*Task requirements:*
Begin at the line below that has "Fiedler Figurative Painting" and stop after the line that has "Size: 7 x 8 mm.". Please restate only those lines, word for word.

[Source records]
....

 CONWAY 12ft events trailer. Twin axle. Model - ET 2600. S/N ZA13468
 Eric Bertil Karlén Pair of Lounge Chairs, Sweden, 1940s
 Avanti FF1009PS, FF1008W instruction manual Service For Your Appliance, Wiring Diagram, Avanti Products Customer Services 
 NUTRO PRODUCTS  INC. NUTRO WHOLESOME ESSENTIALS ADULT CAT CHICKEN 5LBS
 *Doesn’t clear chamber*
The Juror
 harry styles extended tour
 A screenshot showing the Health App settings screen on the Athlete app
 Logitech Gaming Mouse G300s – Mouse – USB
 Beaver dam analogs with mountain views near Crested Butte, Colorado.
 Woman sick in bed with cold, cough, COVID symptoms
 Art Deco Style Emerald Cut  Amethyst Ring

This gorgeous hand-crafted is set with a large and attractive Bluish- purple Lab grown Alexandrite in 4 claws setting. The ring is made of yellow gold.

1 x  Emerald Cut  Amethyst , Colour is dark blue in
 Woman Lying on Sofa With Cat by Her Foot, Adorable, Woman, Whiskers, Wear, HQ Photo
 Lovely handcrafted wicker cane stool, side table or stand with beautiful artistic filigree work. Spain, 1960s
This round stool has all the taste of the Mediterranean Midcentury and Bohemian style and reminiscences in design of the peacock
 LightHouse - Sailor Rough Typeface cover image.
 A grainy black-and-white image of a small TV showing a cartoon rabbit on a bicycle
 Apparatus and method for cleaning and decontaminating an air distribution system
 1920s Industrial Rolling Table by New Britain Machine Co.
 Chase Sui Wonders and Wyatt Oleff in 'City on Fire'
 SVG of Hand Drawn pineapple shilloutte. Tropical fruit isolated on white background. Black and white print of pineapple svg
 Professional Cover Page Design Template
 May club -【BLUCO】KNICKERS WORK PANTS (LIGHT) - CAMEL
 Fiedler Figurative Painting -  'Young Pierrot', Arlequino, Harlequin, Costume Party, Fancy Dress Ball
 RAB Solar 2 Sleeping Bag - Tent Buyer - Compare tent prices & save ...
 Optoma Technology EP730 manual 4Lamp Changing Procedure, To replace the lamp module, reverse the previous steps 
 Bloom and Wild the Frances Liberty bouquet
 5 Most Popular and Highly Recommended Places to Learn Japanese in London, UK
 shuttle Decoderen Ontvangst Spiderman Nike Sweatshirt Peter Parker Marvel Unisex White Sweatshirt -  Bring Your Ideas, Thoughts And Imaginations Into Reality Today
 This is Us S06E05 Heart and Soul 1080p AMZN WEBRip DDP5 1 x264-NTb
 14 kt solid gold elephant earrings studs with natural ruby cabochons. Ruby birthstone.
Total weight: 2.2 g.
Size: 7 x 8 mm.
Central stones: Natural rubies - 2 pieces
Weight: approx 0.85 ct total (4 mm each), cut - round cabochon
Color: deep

....

*Task answer:*
 Fiedler Figurative Painting -  'Young Pierrot', Arlequino, Harlequin, Costume Party, Fancy Dress Ball
 RAB Solar 2 Sleeping Bag - Tent Buyer - Compare tent prices & save ...
 Optoma Technology EP730 manual 4Lamp Changing Procedure, To replace the lamp module, reverse the previous steps 
 Bloom and Wild the Frances Liberty bouquet
 5 Most Popular and Highly Recommended Places to Learn Japanese in London, UK
 shuttle Decoderen Ontvangst Spiderman Nike Sweatshirt Peter Parker Marvel Unisex White Sweatshirt -  Bring Your Ideas, Thoughts And Imaginations Into Reality Today
 This is Us S06E05 Heart and Soul 1080p AMZN WEBRip DDP5 1 x264-NTb
 14 kt solid gold elephant earrings studs with natural ruby cabochons. Ruby birthstone.
Total weight: 2.2 g.
Size: 7 x 8 mm.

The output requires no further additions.